# Query about LMIA



## Pulak88 (Jun 9, 2017)

I have a big issue regarding LMIA. I don't know whether it real or fake. Please please please help me. I have searched in google but I couldn't find any scam regarding that job offer whereas its shows me all new jobs uploaded by that particular company. Company will take care of everything but I am being told that I have to make my own VISA and WORK PERMIT and they will guide me for that. I tried to track the LMIA confirmation number but I couldn't find any trace of that. I am totally confused regarding this issue. In my LMIA letter the things that's are mentioned are : SYSTEM FILE NUMBER, OPINION EXPIRY DATE, EMPLOYER INFORMATION, EMPLOYERS CONTACTS, THIRD PARTY INFORMATION, NAME OF REPRESENTATIVE, NEW EMPLOYEE (myself), JOB INFORMATION WITH NOC CODE & TITLE, WAGES, LOCATION OF EMPLOYMENT ETC ETC. Even I have got a agreement paper for 4 years. Till yet they haven't charged me any money but they told me that I have to take care of my VISA and WORK PERMIT by myself. Am just waiting for next information. But I don't want this query turns into a trouble for me. Please do help me with this query. PLEASE PLEASE.


----------



## Auld Yin (Mar 10, 2009)

You do have/need to obtain your own visa and work permit. If the company has obtained LMIAs they should send the job offer and all relevant LMIA documentation which you would present to CIC when you make your application for a Temporary Work Permit (TWP). With this documentation you can fly to Canada and present the documentation at POE. If it's in order you will be issued a TWP by
Immigration Canada.


----------



## Pulak88 (Jun 9, 2017)

Thank you for your valuable information! And I have got the job offer letter as well as LMIA documentation! But am afraid whether the LMIA documentation is *REAL* or *FAKE*. How much the VISA and WORK PERMIT will cost to me in Canadian Dollar in Single Entry??


----------



## Auld Yin (Mar 10, 2009)

Pulak88 said:


> Thank you for your valuable information! And I have got the job offer letter as well as LMIA documentation! But am afraid whether the LMIA documentation is *REAL* or *FAKE*. How much the VISA and WORK PERMIT will cost to me in Canadian Dollar in Single Entry??

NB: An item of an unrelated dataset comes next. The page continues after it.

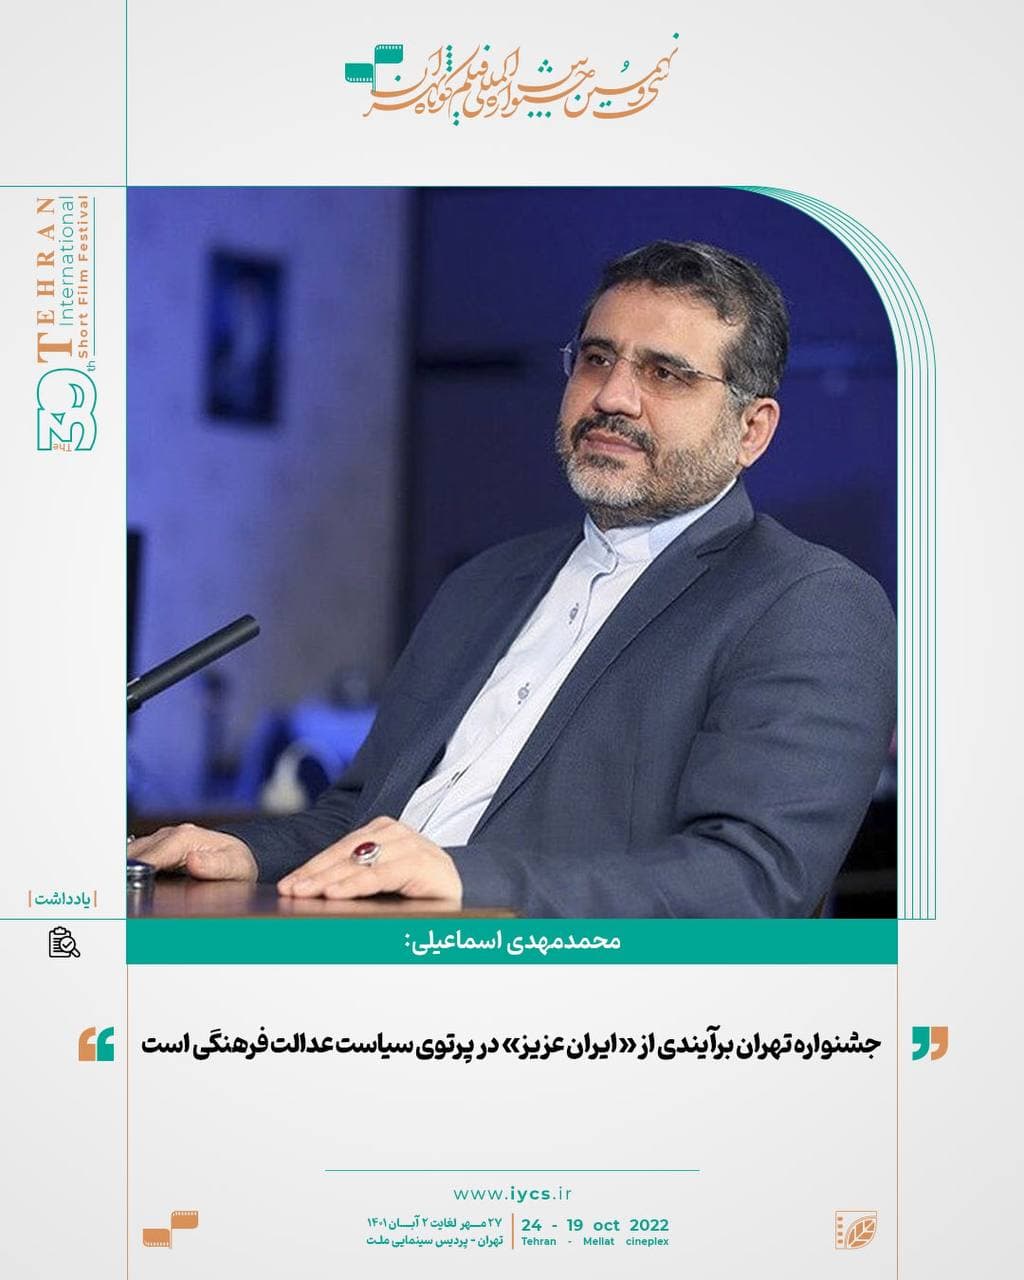 اسماعیلی: جشنواره تهران برآیندی از «ایران عزیز» در پرتوی سیاست عدالت فرهنگی است

There is no way we can determine whether fake or real. You should investigate the company to so determine. As far as fees are concerned Pay your fees


----------



## colchar (Oct 25, 2011)

Pulak88 said:


> I have a big issue regarding LMIA. I don't know whether it real or fake. Please please please help me. I have searched in google but I couldn't find any scam regarding that job offer whereas its shows me all new jobs uploaded by that particular company. Company will take care of everything but I am being told that I have to make my own VISA and WORK PERMIT and they will guide me for that. I tried to track the LMIA confirmation number but I couldn't find any trace of that. I am totally confused regarding this issue. In my LMIA letter the things that's are mentioned are : SYSTEM FILE NUMBER, OPINION EXPIRY DATE, EMPLOYER INFORMATION, EMPLOYERS CONTACTS, THIRD PARTY INFORMATION, NAME OF REPRESENTATIVE, NEW EMPLOYEE (myself), JOB INFORMATION WITH NOC CODE & TITLE, WAGES, LOCATION OF EMPLOYMENT ETC ETC. Even I have got a agreement paper for 4 years. Till yet they haven't charged me any money but they told me that I have to take care of my VISA and WORK PERMIT by myself. Am just waiting for next information. But I don't want this query turns into a trouble for me. Please do help me with this query. PLEASE PLEASE.



Did you interview with the company? if so, why would you suspect that it is fake? And if you did, simply contact the person you interviewed with.


----------